By Larry Claasen
THE value in building plans passed in the Western Cape dropped a massive 19,2% to R13,99-billion in the six month period to end June 2024, according to Statistics South Africa .
This drop off was part of a broader trend that saw a 13,4% fall to R46,91-billion for building plans passed by larger municipalities across the country for the period.
The biggest drivers of the construction sector, the Western Cape and Gauteng, which collectively account for 67,7% of building activity, both saw sizable falls in value of plans passed.
The fall came at a difficult time for the construction sector. The emergence of extortion rackets, persistently high interest rates, and concern over the outcome of national elections has weighed on the economy and the sector.
The fall off in the Western Cape, however, goes against the trend which has seen the region outpace the construction sector in other parts of the country.
The Rainmaker Marketing April 2024 Property Market Report said that the value in building plans passed in the Western Cape in 2023 exceeded that of the Eastern Cape, Northern Cape, Free State, North West, Mpumalanga and Limpopo combined.
The Western Cape even eclipse Gauteng in the value of building completed in 2023, with the cape completing R25-billion compared to the country’s economic heartland’s R20-billion.
“Statistics South Africa shares insights into the building activities in the Western Cape, revealing that the building plans passed far exceed the country’s average, and that the buildings completed are the highest in South Africa. For every five buildings completed in South Africa between 2022 and 2023, two of these are within the Western Cape,” the report said.
The Rainmaker Marketing report noted that the province had benefited from semigration and has seen consistent increase over the years from 31% in 2020 to completed in South Africa 46% by 2023.

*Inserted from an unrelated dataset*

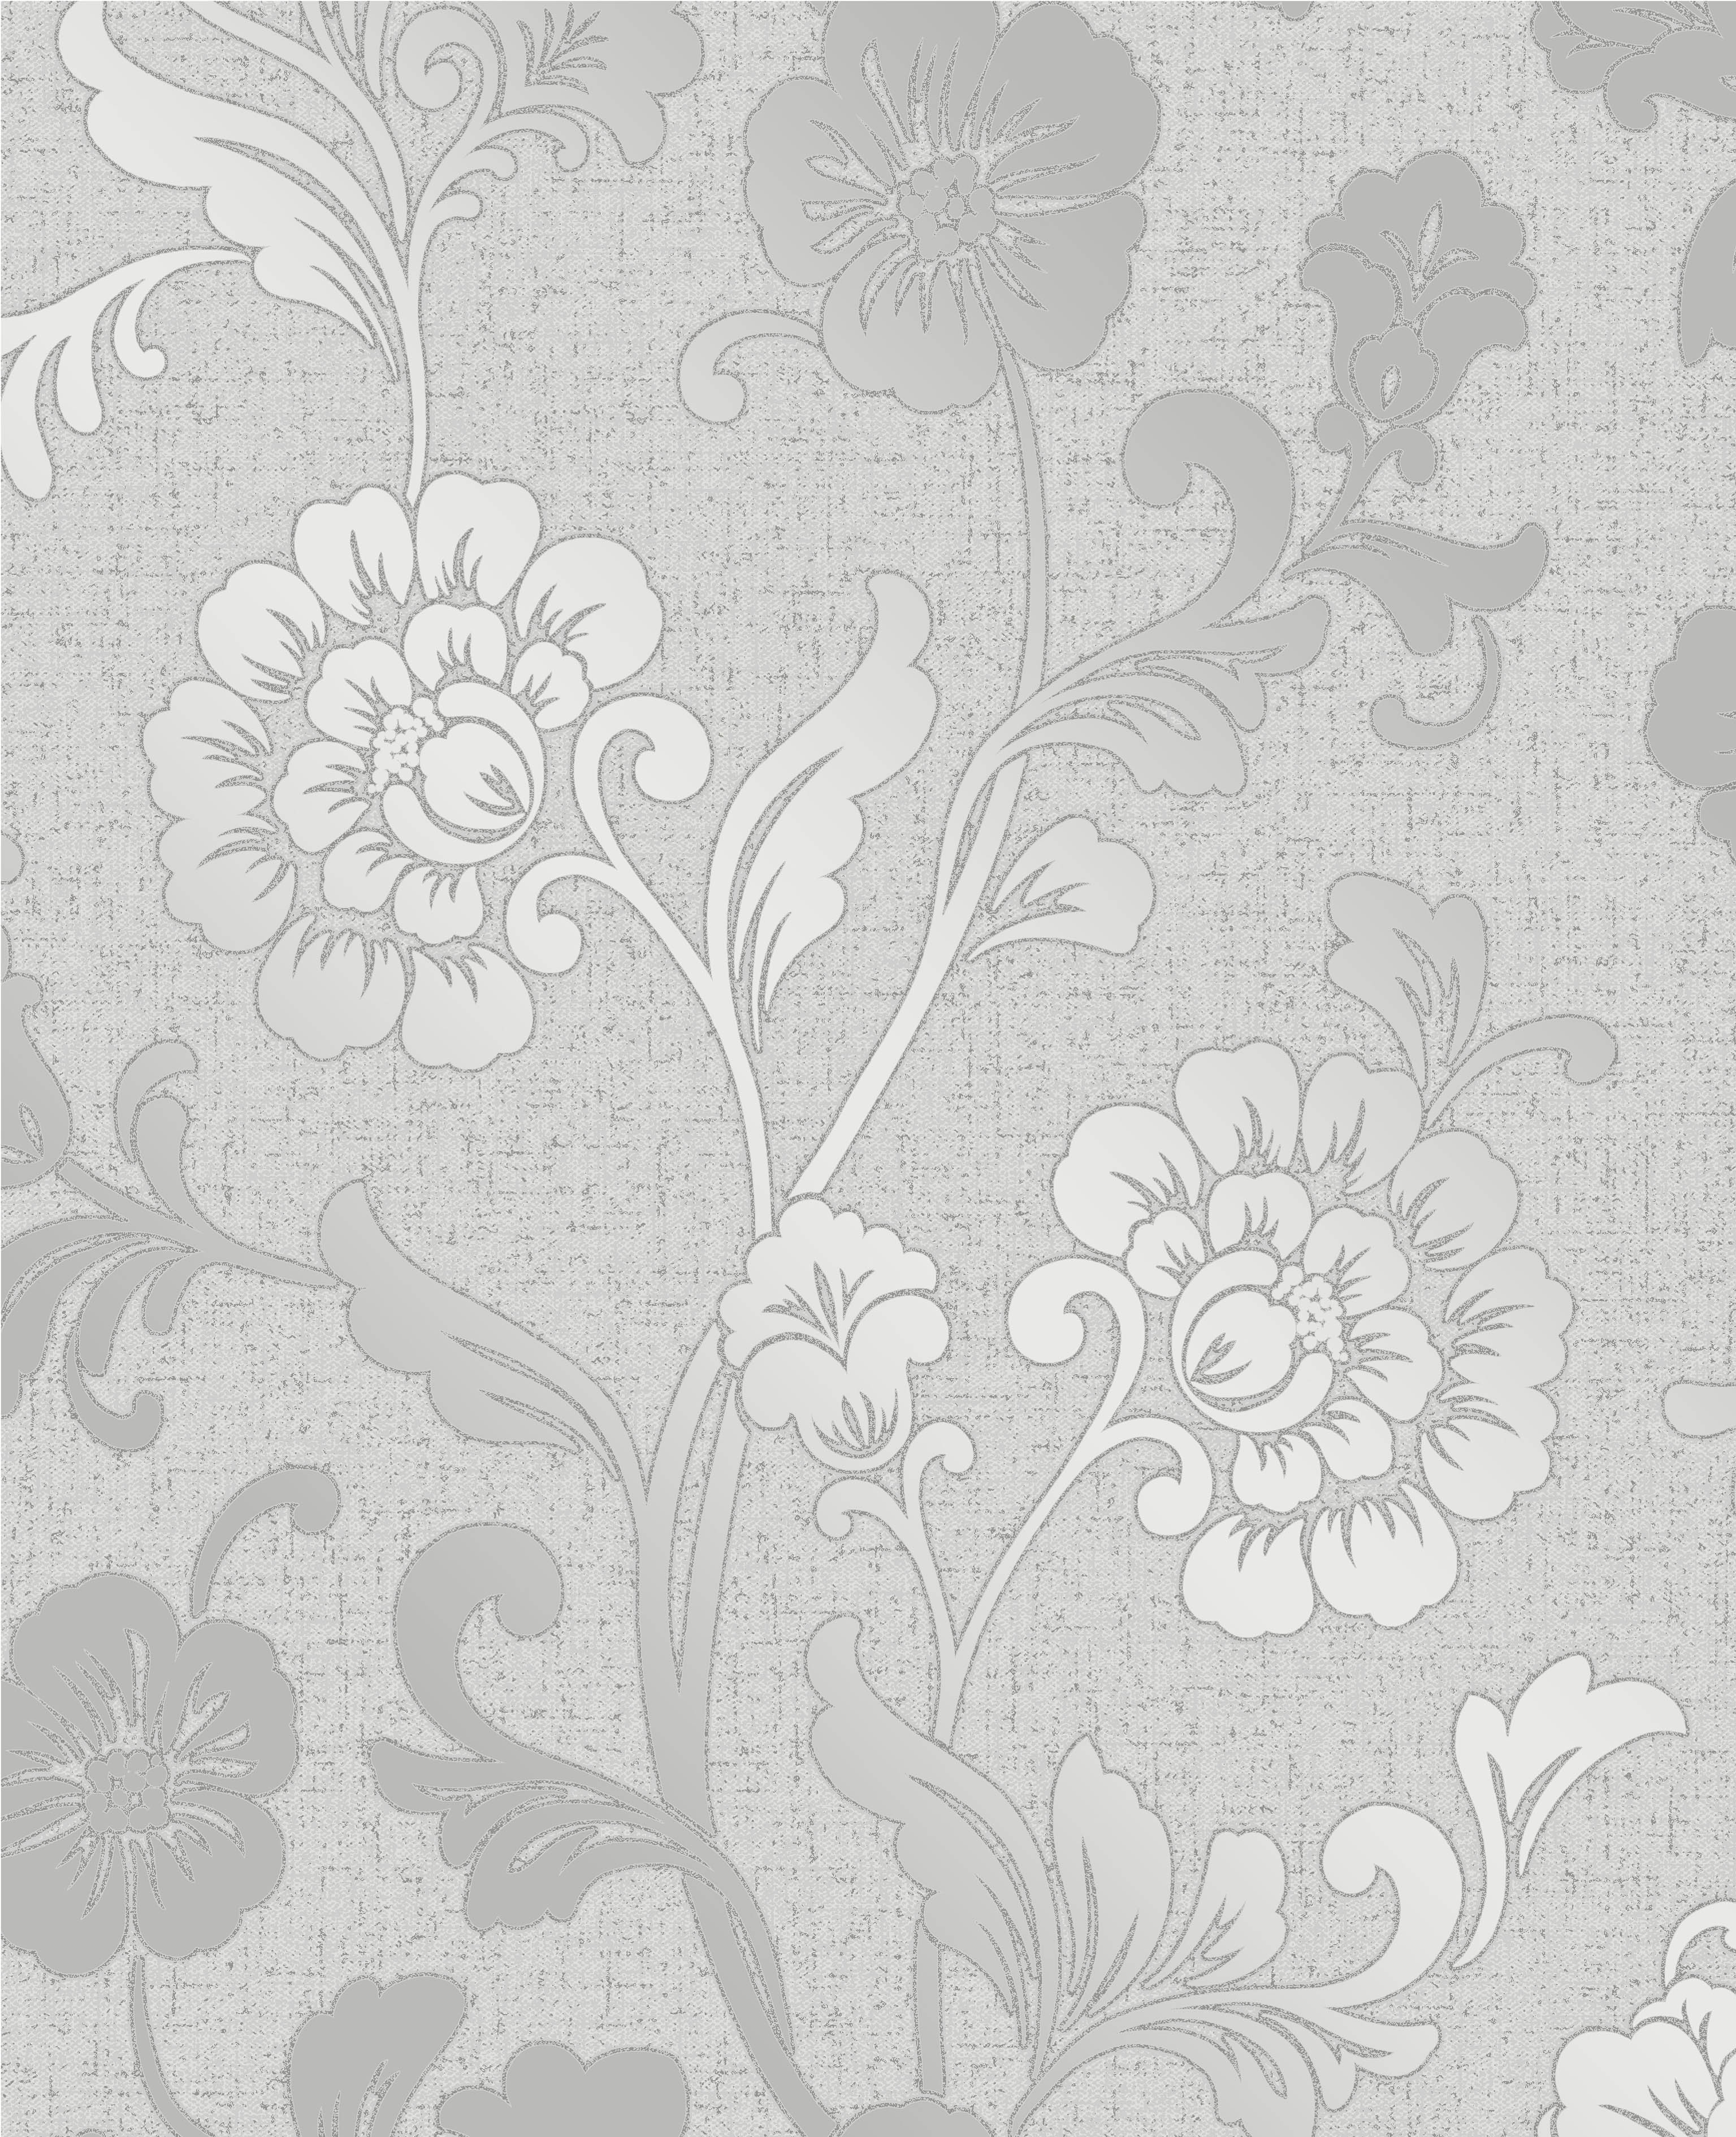 rococo wallpaper,wallpaper,pattern,floral design,pedicel,botany

Though the report was positive about the outlook for the sector, there were signs a slowdown was on the way, as building plans passed had dropped from R35-billion in 2022 to R30-billion in 2023.
The Year-on-Year (YOY) drop off in plans passed and completions spells trouble ahead for the supply-side of the residential property market, warned BetterBond in its August 2024, Property Brief.
“Once interest rates start to decline, which could happen quite soon, a shortage of properties is bound to develop, which is highly likely to translate into significant price increases from the fourth quarter of 2024 onwards.”
Higher property prices will be just another difficulty South Africans will have to deal with. BetterBond pointed out that high interest rates were taking its toll on consumers.
“During July, the Reserve Bank’s Monetary Policy Committee (MPC) dashed the hopes of millions of indebted South African households and businesses by maintaining the highest lending rate in 14 years. In the process of the refusal to depart from an overly restrictive monetary policy stance, the ratio of debt costs to disposable income has now reached a level of 9,2% – the highest in 15 years.”
It added: “It is no surprise, therefore, that an array of key indicators of economic activity (in real terms) remain in a declining mode. These include the Afrimat Construction Index, retail trade sales, the Altron Fintech Household Resilience Index and the YOY value of new building plans passed.”